Phil Mickelson
Phil Mickelson

Ben Coley on Phil Mickelson and LIV Golf following Brooks Koepka's PGA win


You will not be surprised to learn that LIV Golf is seeking to exploit Brooks Koepka’s PGA win in any way it can. This was not just expected but perfectly understandable. In golfing parlance, it is a strategy with low risk and high reward.

Greg Norman couldn't separate praise for Koepka and his conclusion that LIV Golf is now fully validated, but that wasn't the saddest part. Ian Poulter, the Ryder Cup stalwart who played with Viktor Hovland on the last European team, couldn't conceal his delight that his new side had won. 'Any good' followed by around 50 question marks and not a word at all of Hovland's game effort in defeat. 'Take a bow my friend,' he added.

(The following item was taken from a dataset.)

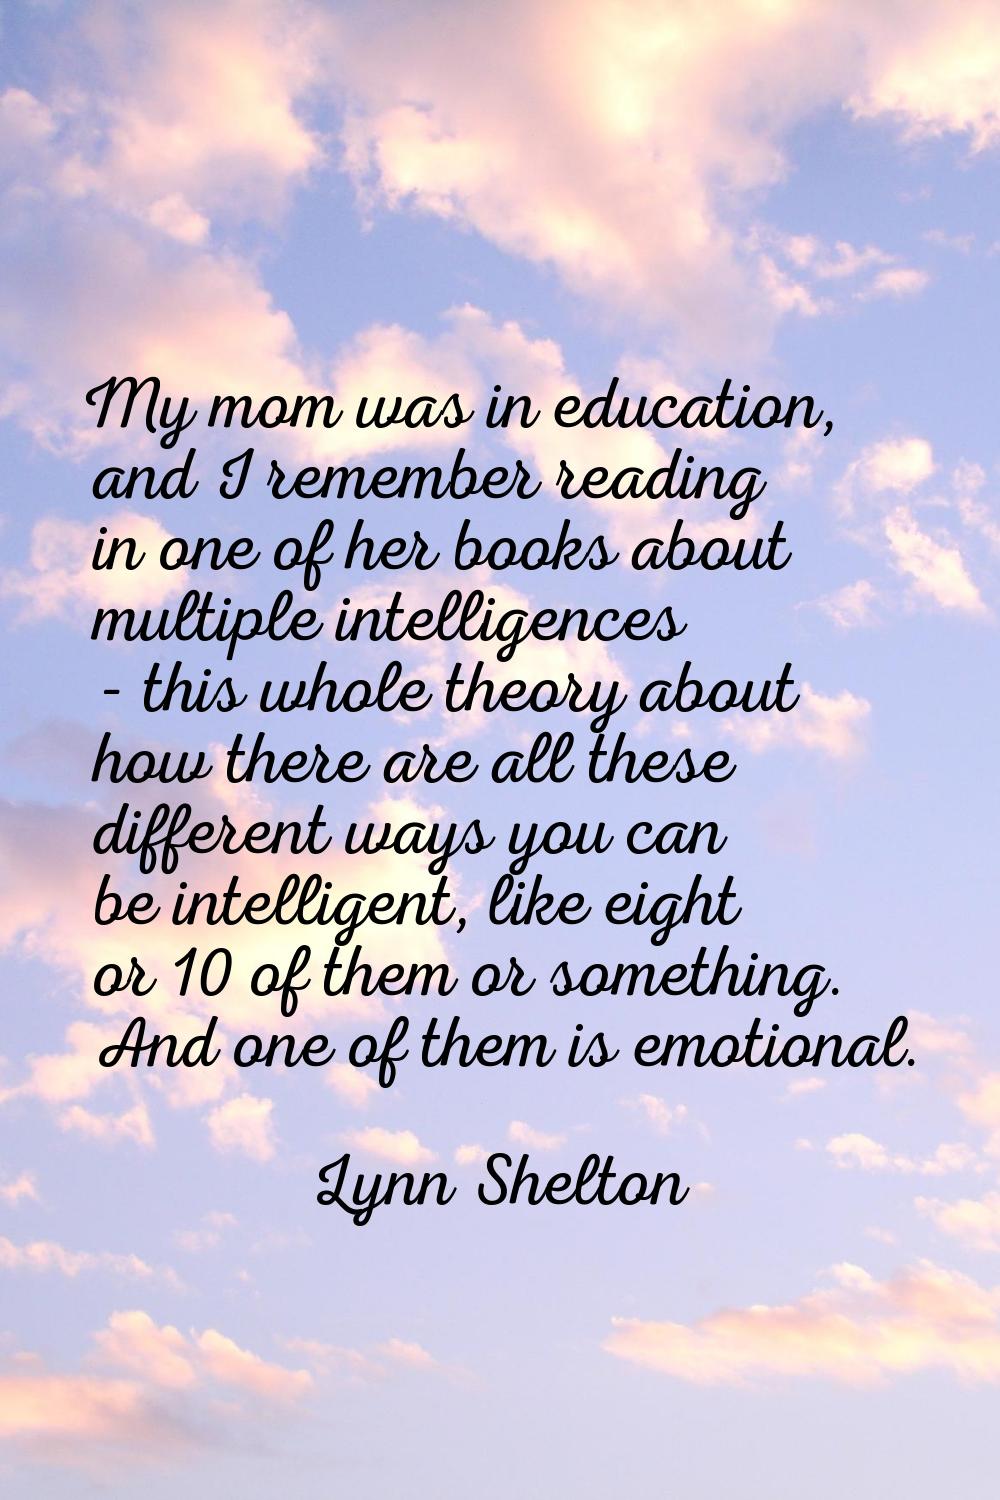 My mom was in education, and I remember reading in one of her books about multiple intelligences -

If you think that's unfair, note that Poulter's twitter output when Koepka won the 2019 PGA Championship was only about himself. After Shinnecock, he was focused solely on the USGA's set-up of the course. He had nothing to say when Koepka won at Erin Hills or Bellerive, nor when Jon Rahm won the Masters. When Justin Rose and Sergio Garcia battled for that tournament in 2017, Poulter reacted by offering both his respect. This week he had to choose one side.

Phil Mickelson went a step further and declared that he had seen enough, doing his best Roman Roy despite not yet having all of the results. According to Mickelson, we now know, after a year, that LIV Golf is the best way for every player in the sport to prepare for majors. We know this because Koepka won the PGA Championship. Never mind focusing on the player himself, now the most successful of the post-Woods/Mickelson age. Let's make his achievement something else.

Mickelson may wish to check his summer schedule, one he is contractually bound to, and remind himself what happened 10 years ago.

Back then, before Phil the Thrill traded in his moniker for one that still rhymes, he produced a dazzling display to win the Scottish Open. One week later and he put in what he used to call the performance of his career, presumably now surpassed by the time he just edged out Jed Morgan to finish 45th in Tulsa. Mickelson won the Open at Muirfield to get within one of the career grand slam and he did it with the best golf of his life.

Mickelson had known when he left Castle Stuart that he was primed for what followed. "I couldn't think of a better way to get prepared for next week," he said. "It makes next week a really good opportunity in that I'm playing well and have some confidence now on some links golf."

A decade on we're to believe that he has found an even better formula: three rounds at Valderrama, three more at Centurion. Those players heading to Scotland to follow the path which has led Cam Smith and Collin Morikawa to the Open, they will be left to rue the fact that they weren't pitching out sideways after missing a fairway in Sotogrande, that they aren't enjoying LIV London's party in Hertfordshire.

Deep down, Mickelson knows this to be nonsense, but the game has changed. We are about three episodes from him appearing on the pitch at St James' Park in a Newcastle United shirt, five from him being Anthony Joshua's cut man in a past-their-best joust in Jeddah.

Herein lies the sinister part. On the face of it, Mickelson fails to grasp the nuance, the fact that everyone is different. He fails to see that for all Koepka has been superb, Dustin Johnson hit the ball like a pathetic impression of the modern great that he is. He shows no desire to ponder whether younger players might benefit from a busier schedule rather than older ones like him or those with health issues like Koepka.

But Mickelson understands all of this. He knows exactly what he's doing. He knows that the antidote to Reply Guys is simply to turn off replies. It’s what made him such a logical investment on the part of Saudi Arabia.